Josh Barnett's Bloodsport Bushido (ブラッドスポーツ・ブシドー (Buraddosupōto bushidō)) was an independent professional wrestling pay-per-view event promoted by Josh Barnett and produced by Abema, a Japanese streaming service owned by CyberAgent and TV Asahi. The event took place on June 22, 2024 at the Ryogoku Kokugikan in Tokyo, Japan and was streamed live on FITE TV worldwide and Abema in Japan.
==Production==
===Background===

Other on-screen personnel
| Role: | Name: |
| Commentators | Stewart Fulton (English) |
Mark Pickering (English)
Shigeki Seino (Japanese)
Yuki Nakai (Japanese)
Kota Ibushi (Japanese)
| Ring announcer | Lenne Hardt |

Bloodsport is an annual professional wrestling event which features worked shoot matches in a style that mimics the early days of MMA and catch wrestling.
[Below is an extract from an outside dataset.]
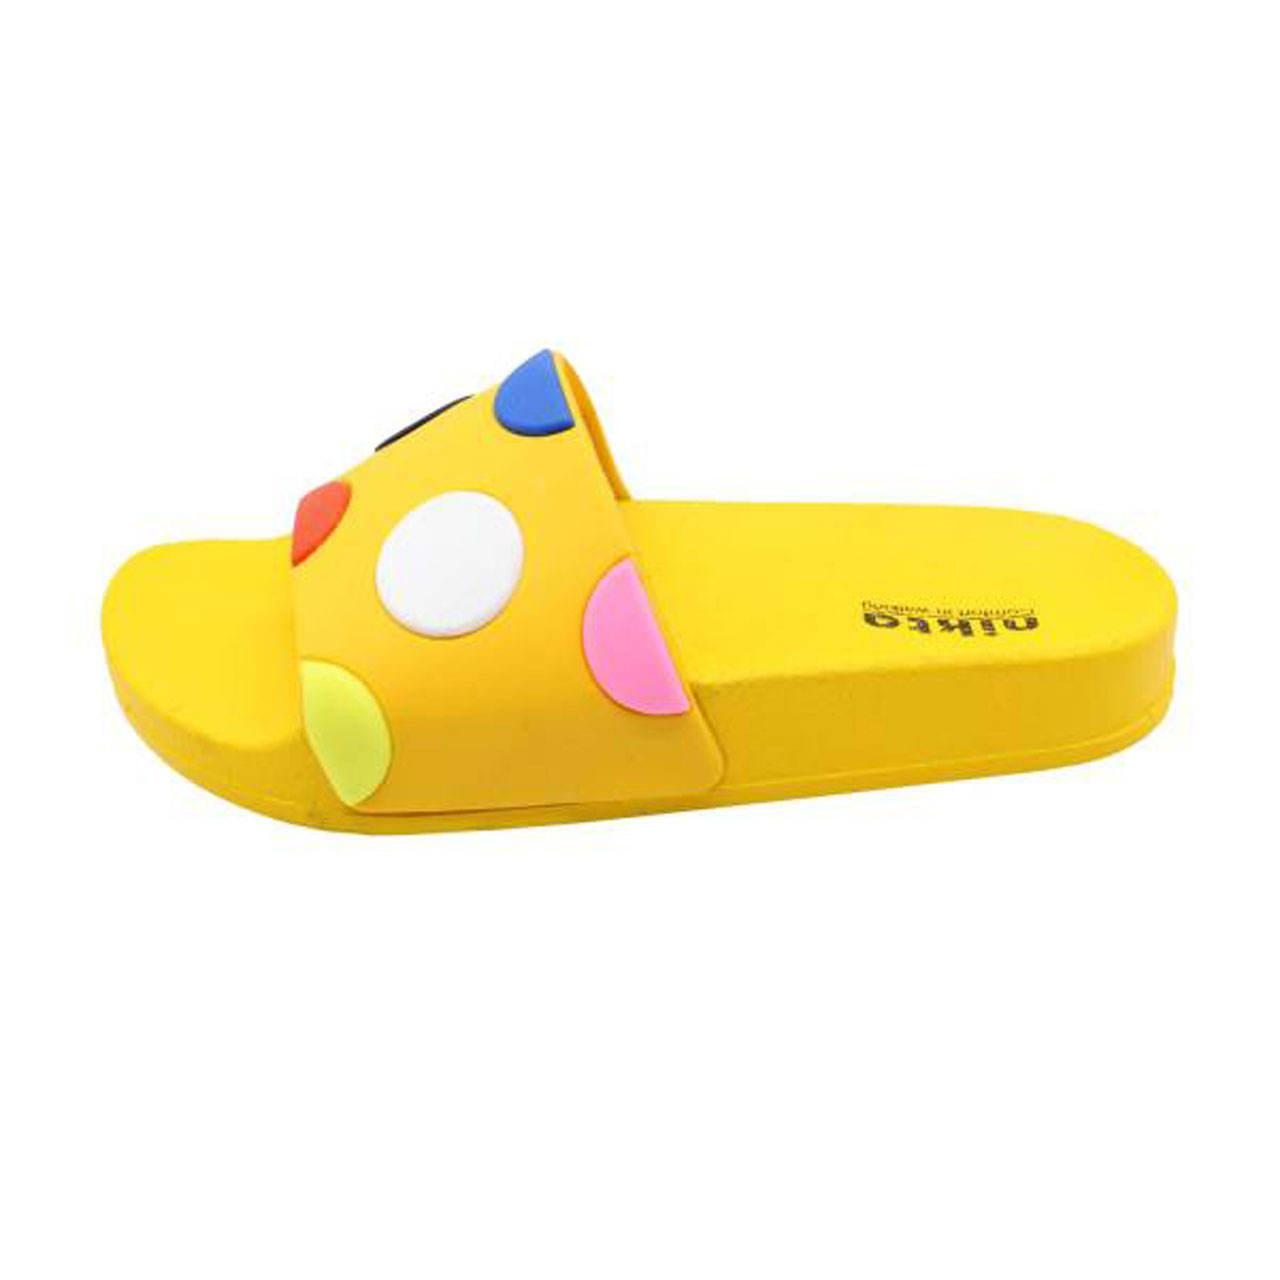 دمپایی دخترانه نیکتا مدل 304 کد L1-EsmarT10 رنگ زرد -  - 2

It is common for Bloodsport competitors to have some experience in other combat sports and/or mixed martial arts, as well as professional wrestling, as these one on one matches often appear stiff and have a feel of a classic Shoot-style wrestling fights. The ropes and turnbuckles for the ring are often removed and replaced by a ring canvas with no ropes or turnbuckles. The first event took place on April 5, 2018 as Matt Riddle's Bloodsport and featured Matt Riddle vs. Minoru Suzuki as the main event match. On February 14, 2024, Josh Barnett and Minoru Suzuki announced the first Bloodsport event to take place in Japan titled Bloodsport Bushido which would take place at the Ryogoku Kokugikan in Tokyo.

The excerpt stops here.